**What to work on**
What you give back from the listing below should be an exact copy of the lines from the one with "b3e25219566 relógio esportivo" down to the one with "ARMANI EXCHANGE アルマーニエクスチェンジ", and it should contain no pictures.

**Provided data**
* * *

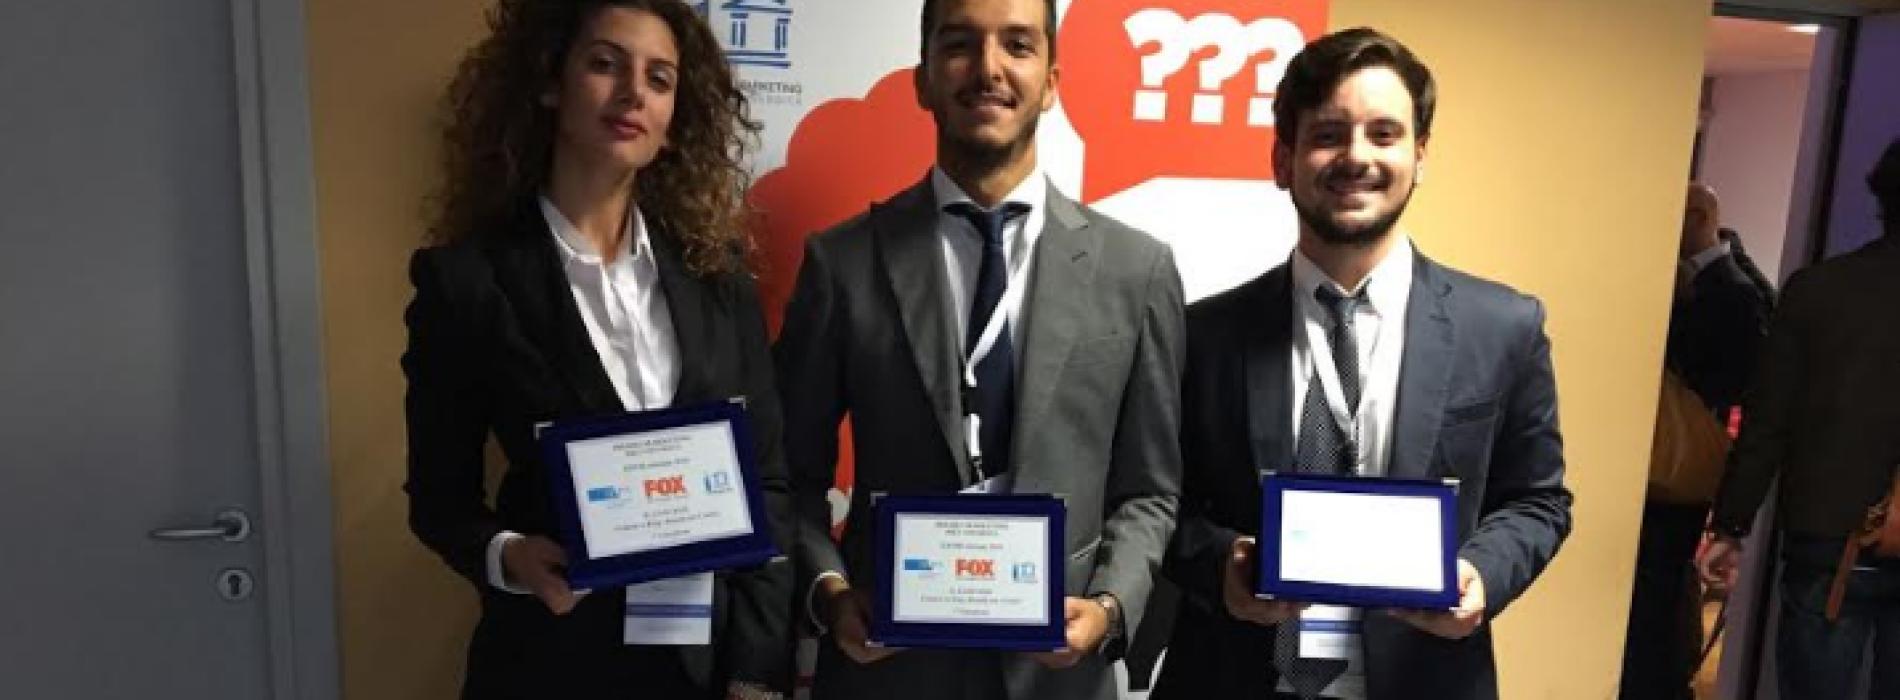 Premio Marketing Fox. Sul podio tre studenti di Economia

* * *

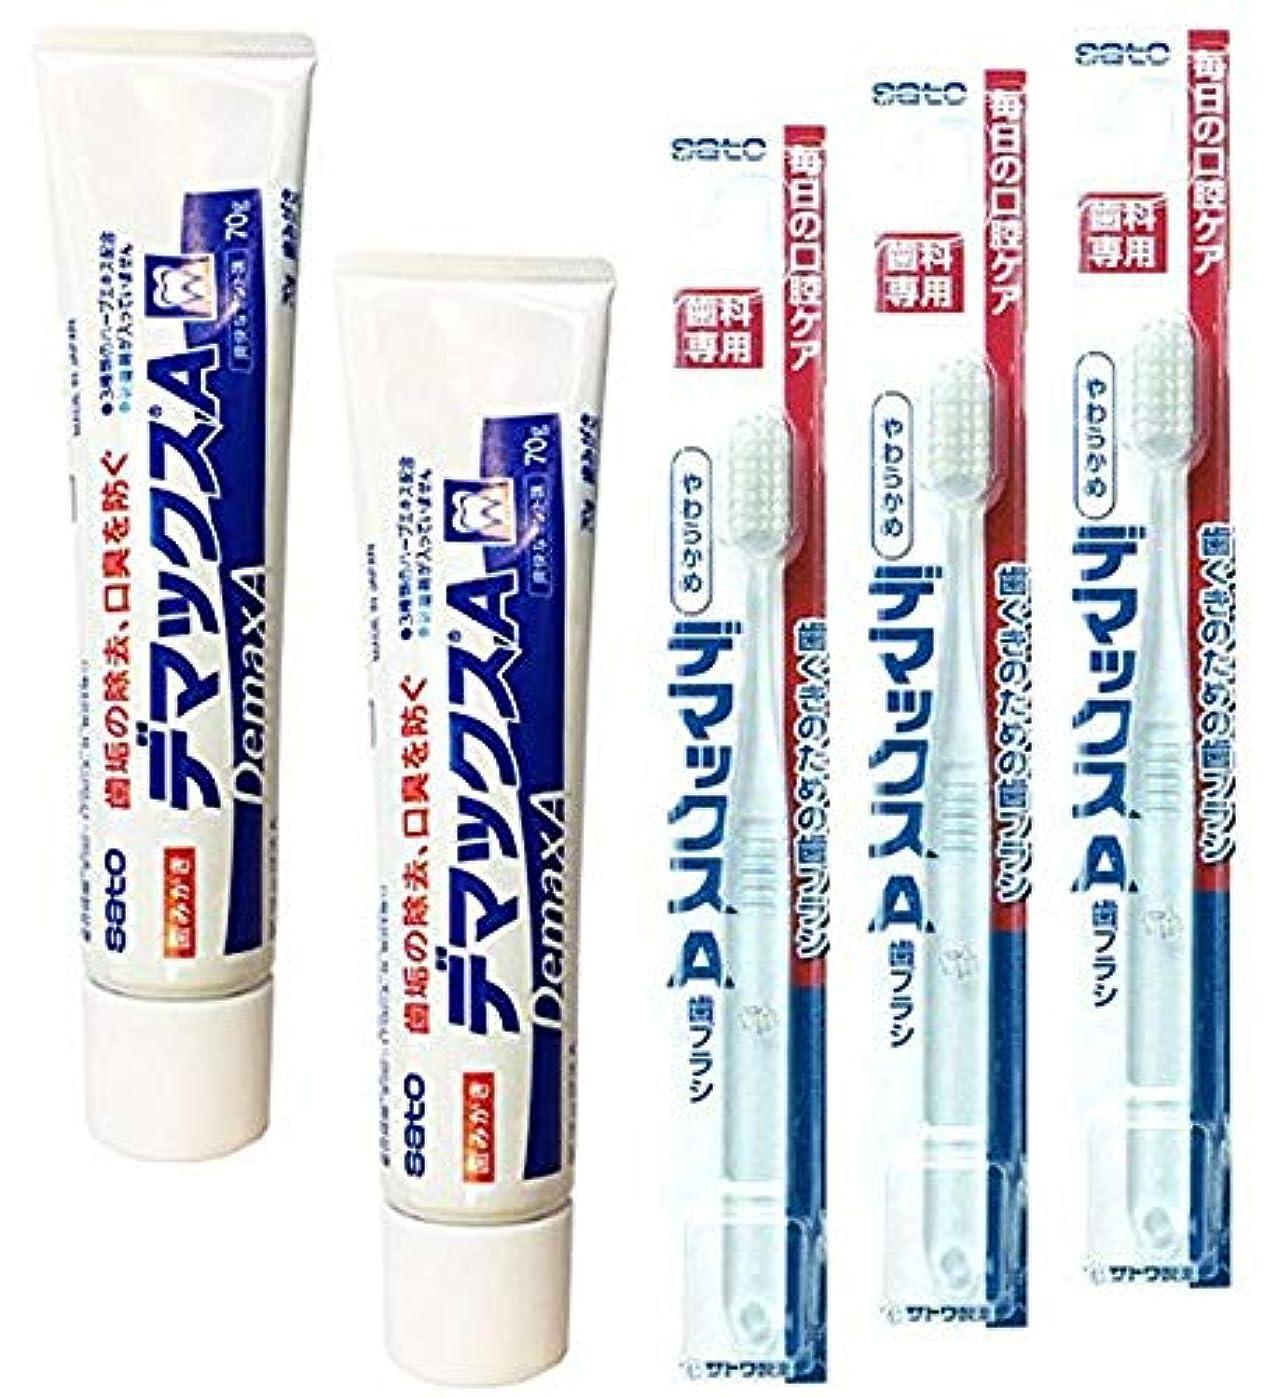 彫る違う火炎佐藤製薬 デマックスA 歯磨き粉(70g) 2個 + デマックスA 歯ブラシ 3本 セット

* * *

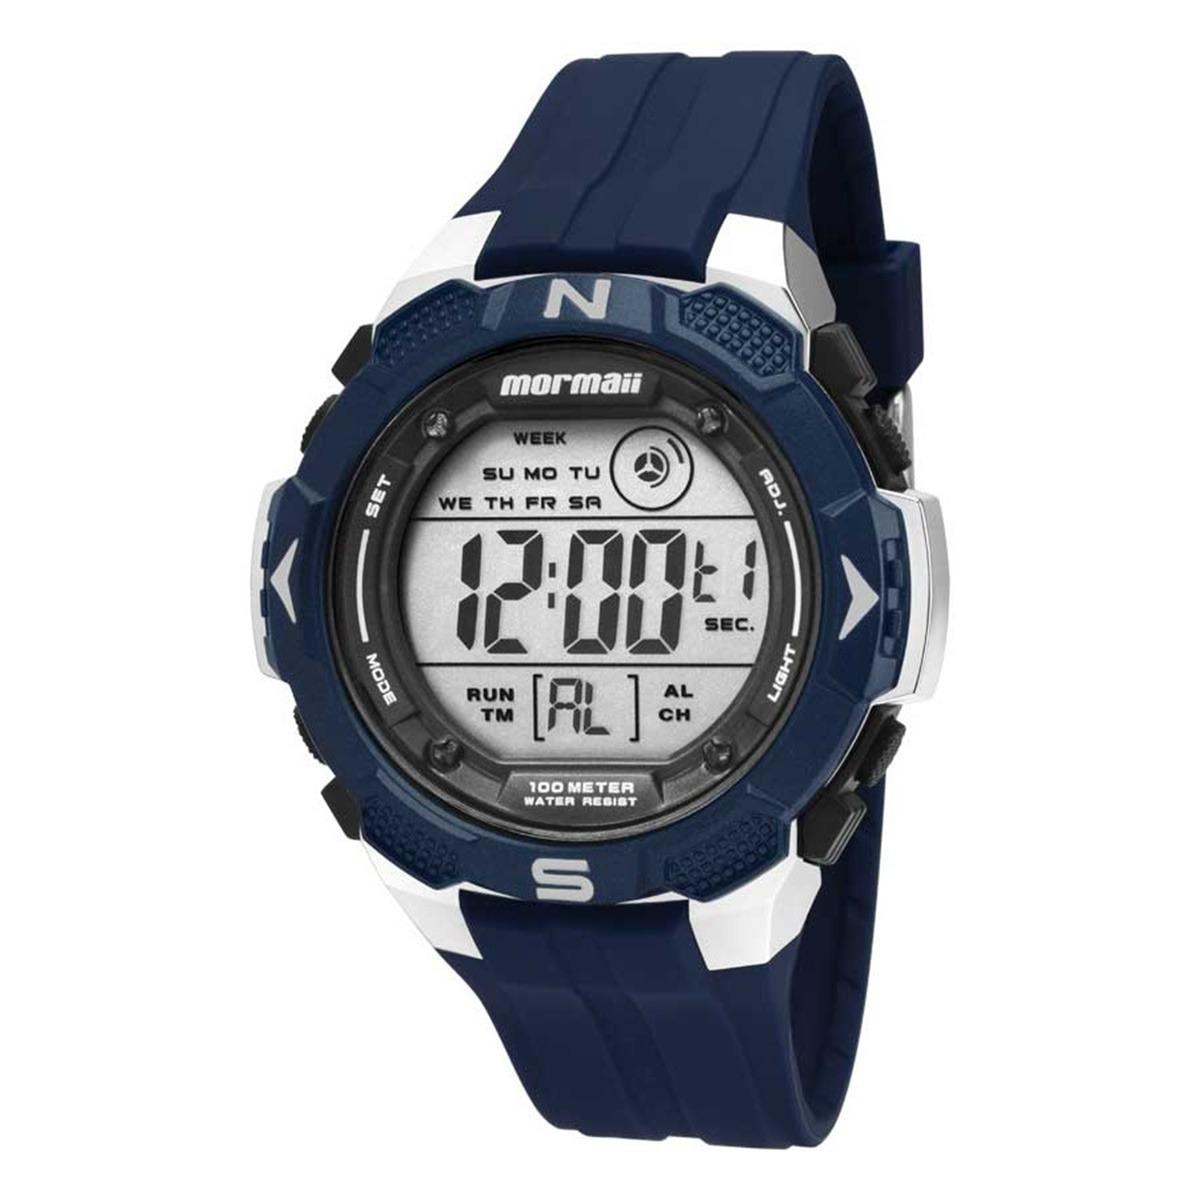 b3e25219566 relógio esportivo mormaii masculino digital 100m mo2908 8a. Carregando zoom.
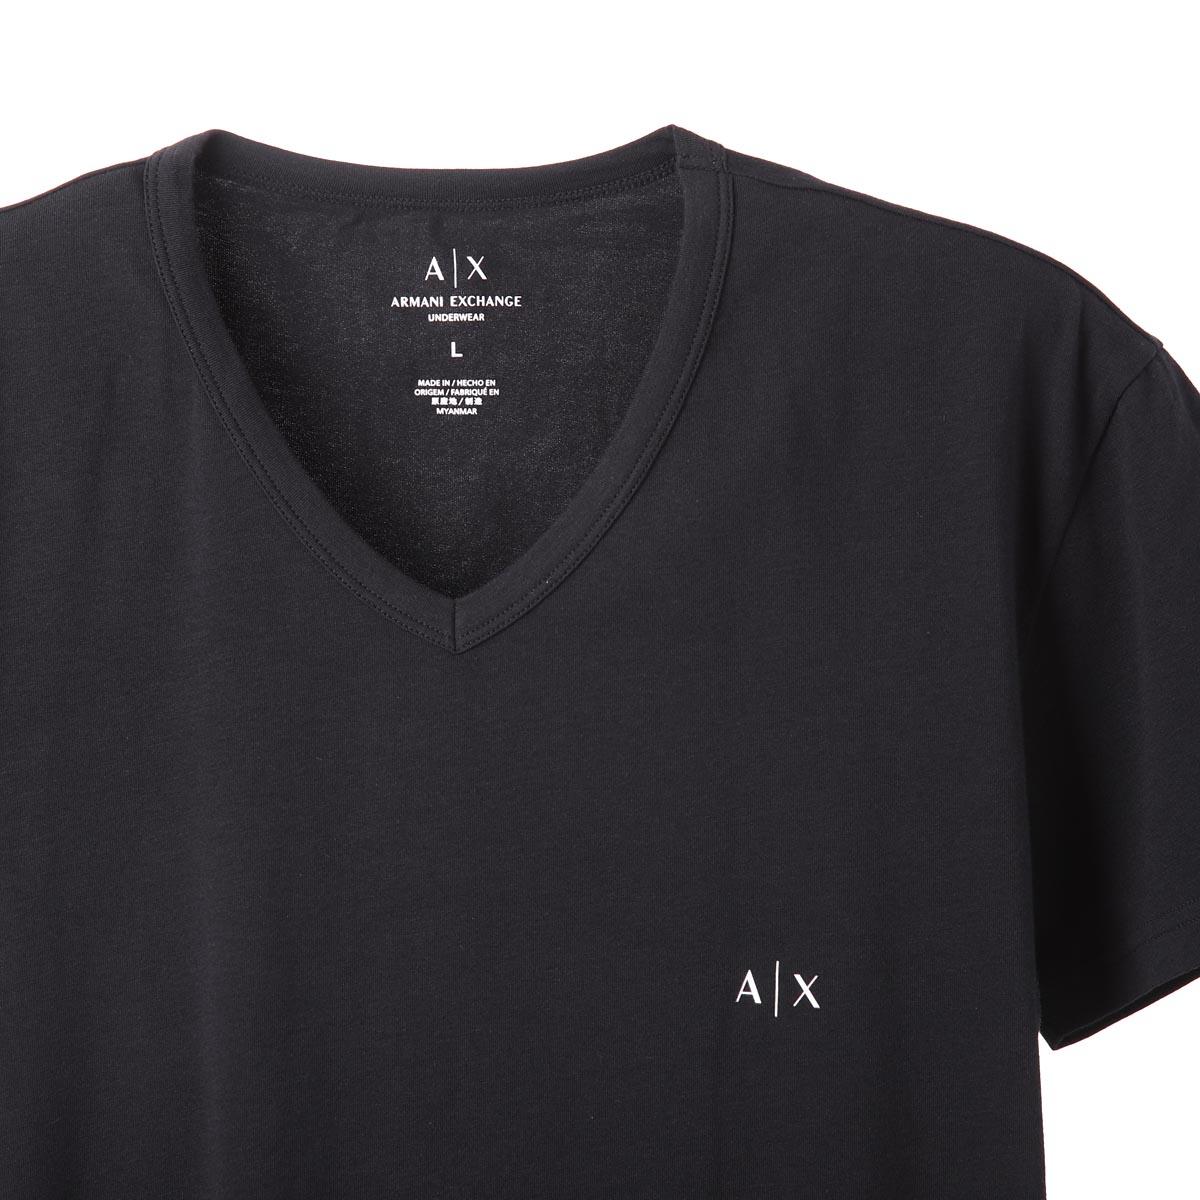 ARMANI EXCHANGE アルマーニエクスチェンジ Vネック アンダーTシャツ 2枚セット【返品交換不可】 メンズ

* * *

**Solution to this exercise**
 b3e25219566 relógio esportivo mormaii masculino digital 100m mo2908 8a. Carregando zoom.
 ARMANI EXCHANGE アルマーニエクスチェンジ Vネック アンダーTシャツ 2枚セット【返品交換不可】 メンズ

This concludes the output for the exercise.